Paired Competing Neurons Improving STDP Supervised Local Learning In Spiking Neural Networks
This work addresses energy-efficient training on neuromorphic hardware for SNNs, offering a supervised learning approach that is incremental over existing STDP methods.
The paper tackles the problem of training Spiking Neural Networks (SNNs) for classification tasks using supervised STDP, proposing S2-STDP and Paired Competing Neurons (PCN) to enhance learning, and shows that these methods outperform state-of-the-art supervised STDP rules on datasets like MNIST, Fashion-MNIST, and CIFAR-10.
Direct training of Spiking Neural Networks (SNNs) on neuromorphic hardware has the potential to significantly reduce the energy consumption of artificial neural network training.
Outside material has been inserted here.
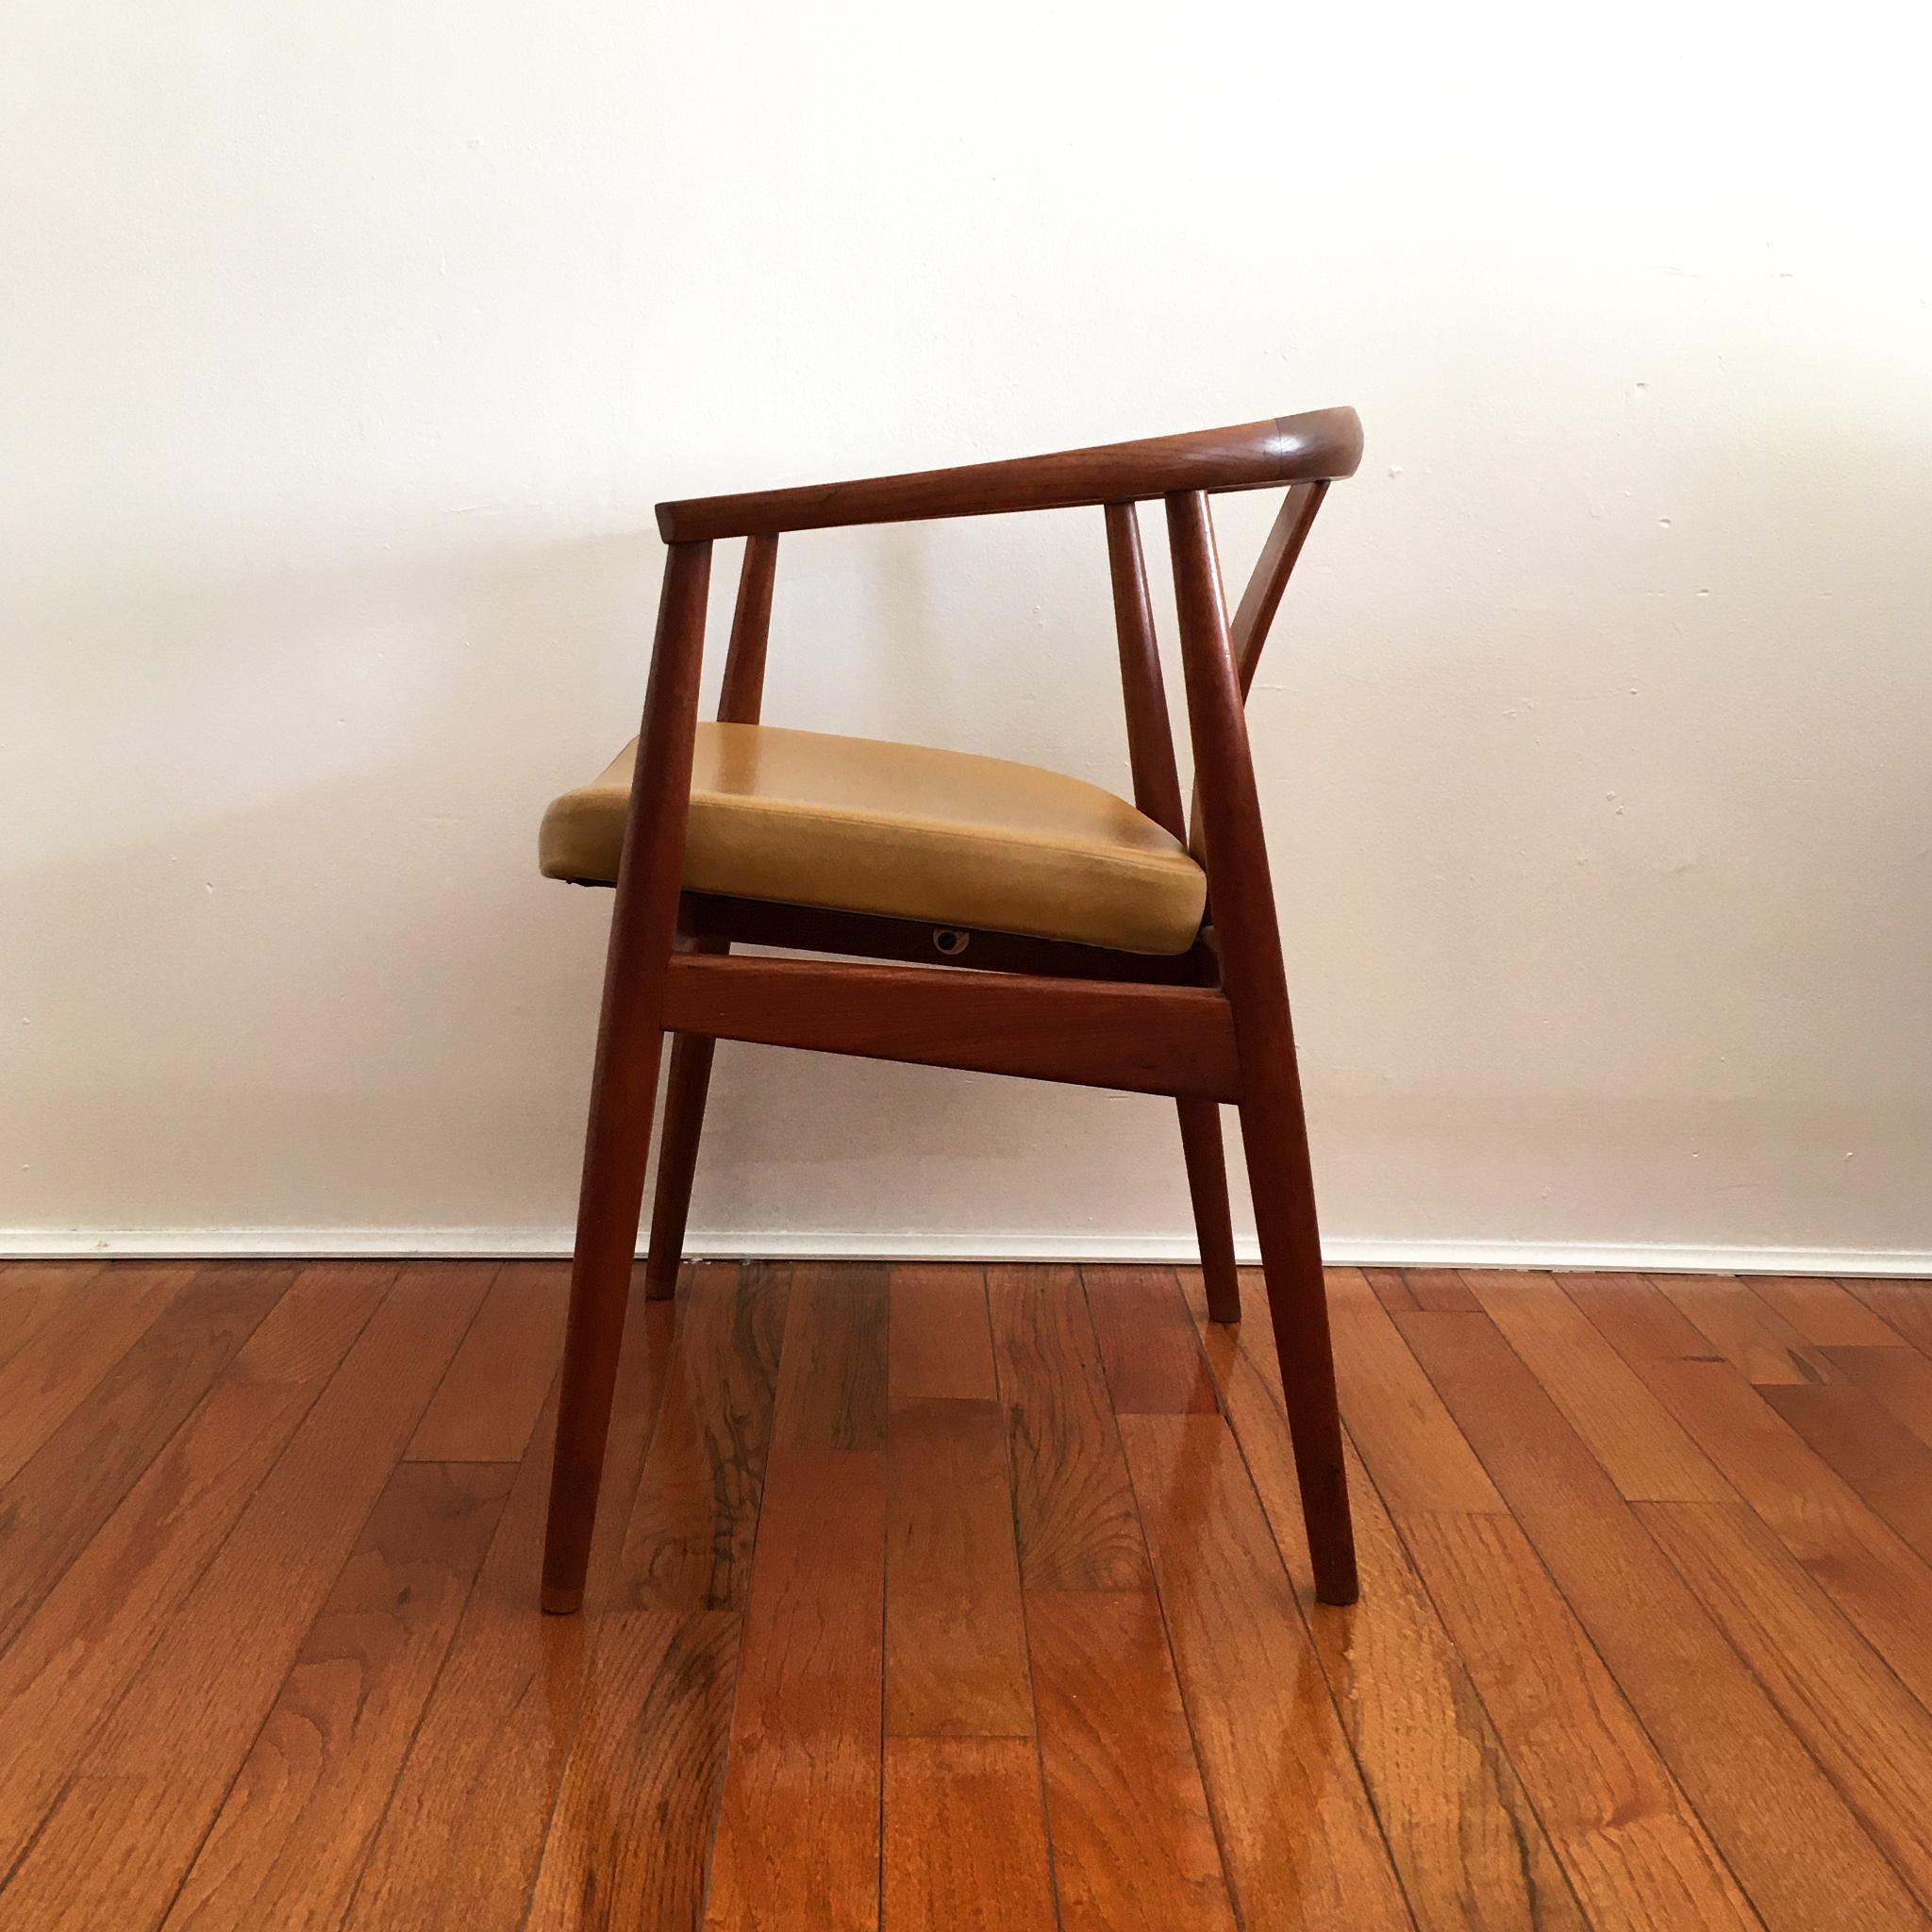 Carved Rare Tove & Edvard Kindt-Larsen Danish Teak Chair with Yellow Ochre Leather Seat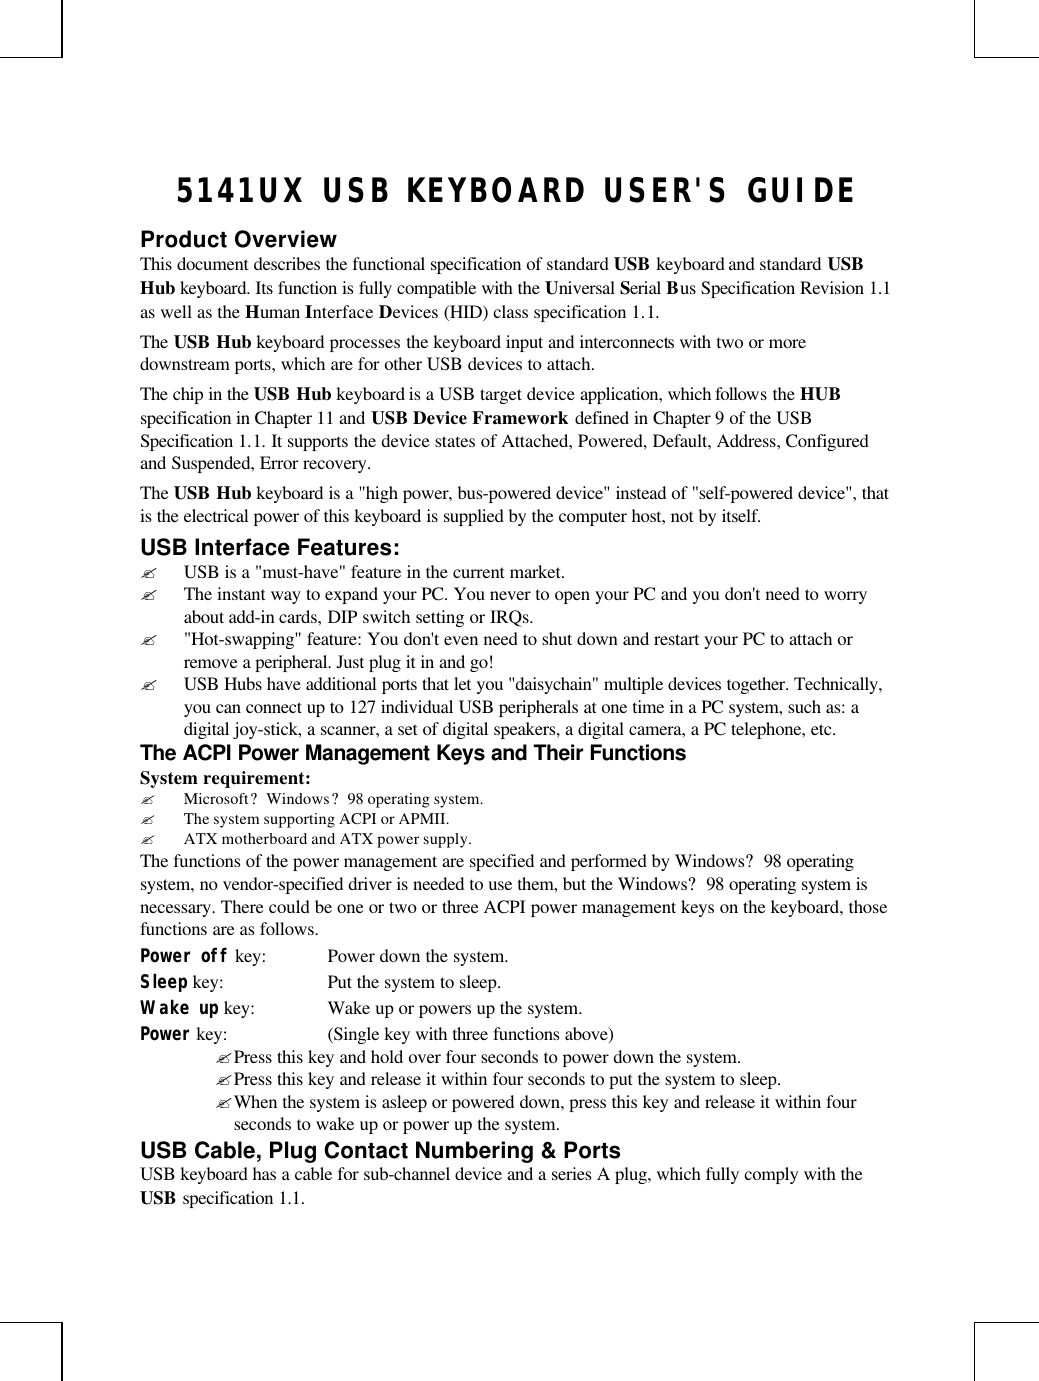 5141UX USB KEYBOARD USER&apos;S GUIDEProduct OverviewThis document describes the functional specification of standard USB keyboard and standard USBHub keyboard. Its function is fully compatible with the Universal Serial Bus Specification Revision 1.1as well as the Human Interface Devices (HID) class specification 1.1.The USB Hub keyboard processes the keyboard input and interconnects with two or moredownstream ports, which are for other USB devices to attach.The chip in the USB Hub keyboard is a USB target device application, which follows the HUBspecification in Chapter 11 and USB Device Framework defined in Chapter 9 of the USBSpecification 1.1. It supports the device states of Attached, Powered, Default, Address, Configuredand Suspended, Error recovery.The USB Hub keyboard is a &quot;high power, bus-powered device&quot; instead of &quot;self-powered device&quot;, thatis the electrical power of this keyboard is supplied by the computer host, not by itself.USB Interface Features:? USB is a &quot;must-have&quot; feature in the current market.? The instant way to expand your PC. You never to open your PC and you don&apos;t need to worryabout add-in cards, DIP switch setting or IRQs.? &quot;Hot-swapping&quot; feature: You don&apos;t even need to shut down and restart your PC to attach orremove a peripheral. Just plug it in and go!? USB Hubs have additional ports that let you &quot;daisychain&quot; multiple devices together. Technically,you can connect up to 127 individual USB peripherals at one time in a PC system, such as: adigital joy-stick, a scanner, a set of digital speakers, a digital camera, a PC telephone, etc.The ACPI Power Management Keys and Their FunctionsSystem requirement:? Microsoft? Windows? 98 operating system.? The system supporting ACPI or APMII.? ATX motherboard and ATX power supply.The functions of the power management are specified and performed by Windows? 98 operatingsystem, no vendor-specified driver is needed to use them, but the Windows? 98 operating system isnecessary. There could be one or two or three ACPI power management keys on the keyboard, thosefunctions are as follows.Power off key: Power down the system.Sleep key: Put the system to sleep.Wake up key: Wake up or powers up the system.Power key: (Single key with three functions above)? Press this key and hold over four seconds to power down the system.? Press this key and release it within four seconds to put the system to sleep.? When the system is asleep or powered down, press this key and release it within fourseconds to wake up or power up the system.USB Cable, Plug Contact Numbering &amp; PortsUSB keyboard has a cable for sub-channel device and a series A plug, which fully comply with theUSB specification 1.1.

SNNs trained with Spike Timing-Dependent Plasticity (STDP) benefit from gradient-free and unsupervised local learning, which can be easily implemented on ultra-low-power neuromorphic hardware. However, classification tasks cannot be performed solely with unsupervised STDP. In this paper, we propose Stabilized Supervised STDP (S2-STDP), a supervised STDP learning rule to train the classification layer of an SNN equipped with unsupervised STDP for feature extraction. S2-STDP integrates error-modulated weight updates that align neuron spikes with desired timestamps derived from the average firing time within the layer. Then, we introduce a training architecture called Paired Competing Neurons (PCN) to further enhance the learning capabilities of our classification layer trained with S2-STDP. PCN associates each class with paired neurons and encourages neuron specialization toward target or non-target samples through intra-class competition. We evaluate our methods on image recognition datasets, including MNIST, Fashion-MNIST, and CIFAR-10. Results show that our methods outperform state-of-the-art supervised STDP learning rules, for comparable architectures and numbers of neurons. Further analysis demonstrates that the use of PCN enhances the performance of S2-STDP, regardless of the hyperparameter set and without introducing any additional hyperparameters.